Shrimp Clemenceau is a New Orleans specialty, usually made with shrimp, asparagus, mushrooms and fried potatoes. The last time I made this, at Chef Dave’s suggestion, I substituted mirliton for the fried potatoes. This time I substituted aubergine for the fried potatoes because I’m craving aubergine. So that’s why.
This should really be called Gambas Clemenceau because the shrimp in the freezer were humongous! I wonder where I bought these? They would be great on the grill. I’ll have to look around. You can also use “normal” shrimp which I had intended to do, but who knows what manner of creature lurks in the heart of my freezer? Not even The Shadow🙂 I recently ordered a 14 DVD set of “Rumpole of the Bailey” and the series is as hilarious and entertaining as I remembered.
Too lazy to make up a batch of Emeril’s essence and determined never to use any seasoning labeled “McCormick”, I remembered that my mother used Old Bay seasoning on practically everything, especially seafood. Good enough for me and it was okay but I think I would have preferred a little “essence” or another good quality Creole seasoning.
The thing about this rendition of shrimp Clemenceau is that I adore each ingredient; aubergine, shrimp, mushrooms, asparagus, garlic.
This was a very pretty aubergine; firm, white fleshed and dark purple skin.
Be sure to brown the diced aubergine on high flame and avoid overcooking so that the pieces remain firm. Mine were a little softer than I wanted.

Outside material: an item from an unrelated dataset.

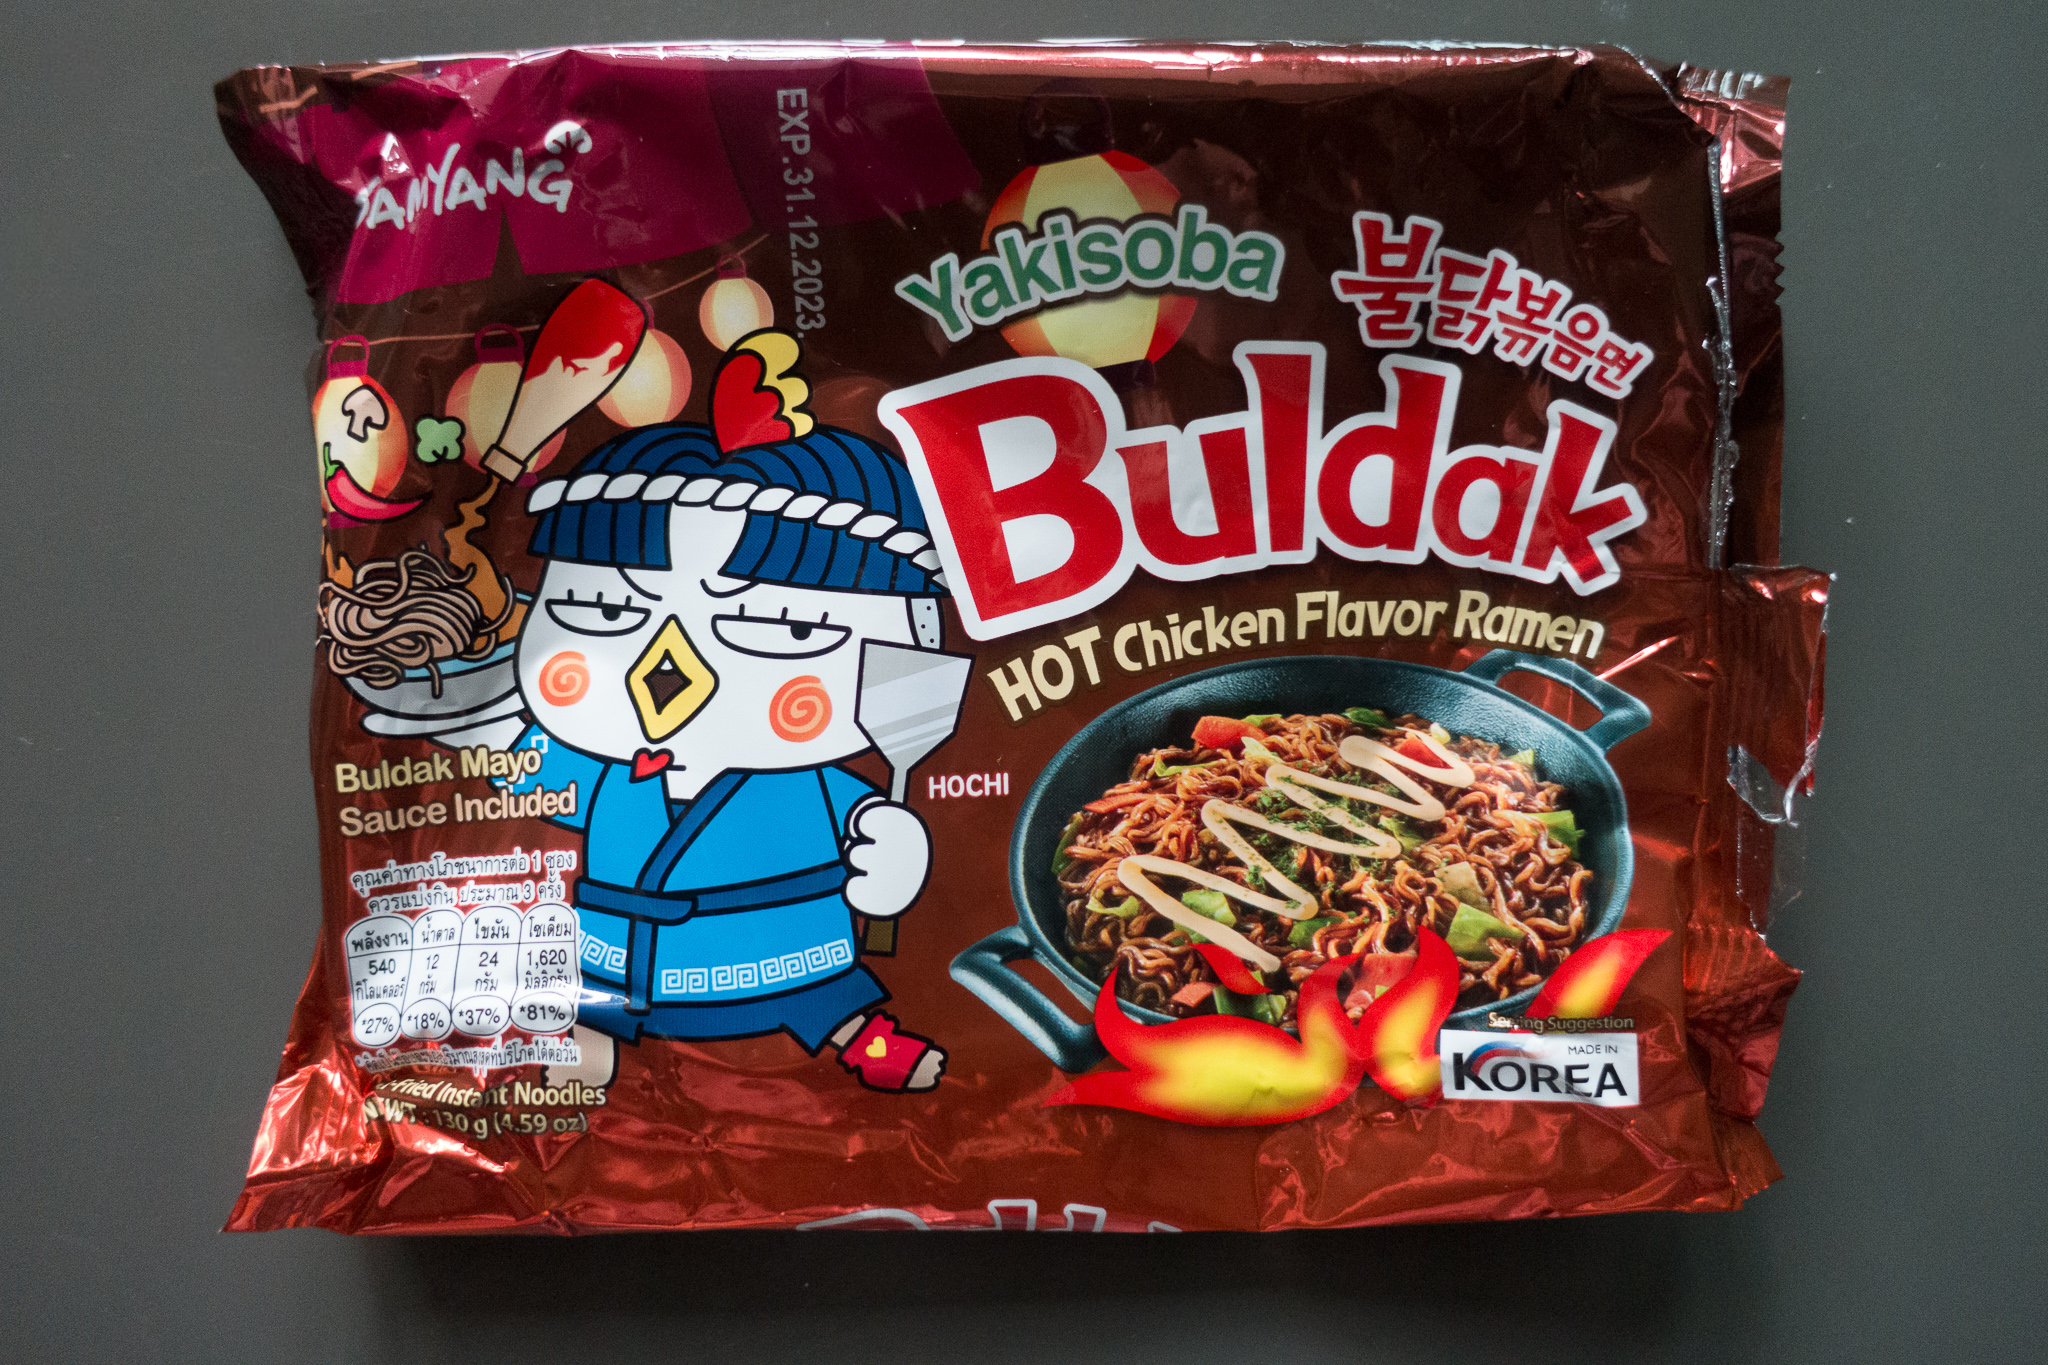 Yakisoba Buldak Hot Chicken Flavor Ramen - IMARAIV

Good, but still.
This dish is easy to assemble and would make a nice main course for a “Laid back” Sunday brunch because you can quickly cook everything in the morning and just reheat before topping with a poached egg to serve.
2 lbs of gambas or shrimp headed, shelled and deveined
2 tbsp Old Bay seasoning or a good quality Creorle seasoning
2 tbsp olive oil
1 tbsp butter
1 large, firm aubergine/eggplant, diced
3-4 garlic cloves minced
Salt and pepper
2 tbsp butter
1/2 lb mushrooms, sliced
1 bunch young asparagus, tough ends trimmed and cut into thirds
1 tbsp butter
Poached eggs (optional)
Toss the gambas with seasoning and set aside. Heat 2 tbsp of olive oil and 1 tbsp butter in a skillet, add the aubergine and brown on high flame until cooked but still firm. Add the garlic and saute for about 1 minute and sprinkle with salt and pepper. Remove the mixture to a plate/bowl and set aside.
Wipe out the skillet with a paper towel, then add the 2 tbsp of butter and the mushrooms. Saute until the mushrooms begin to release their water, then add the asparagus and continue to saute for about 2 minutes until the asparagus are crisp tender. Transfer to the plate with the aubergine.
Wipe out the skillet with a paper towel, add the remaining tablespoon of butter and the gambas. Saute until just done, about 2-3 minutes. Add the vegetables to the skillet and gently toss and heat.
Divide in to serving plates and top each serving with a poached egg, if desired.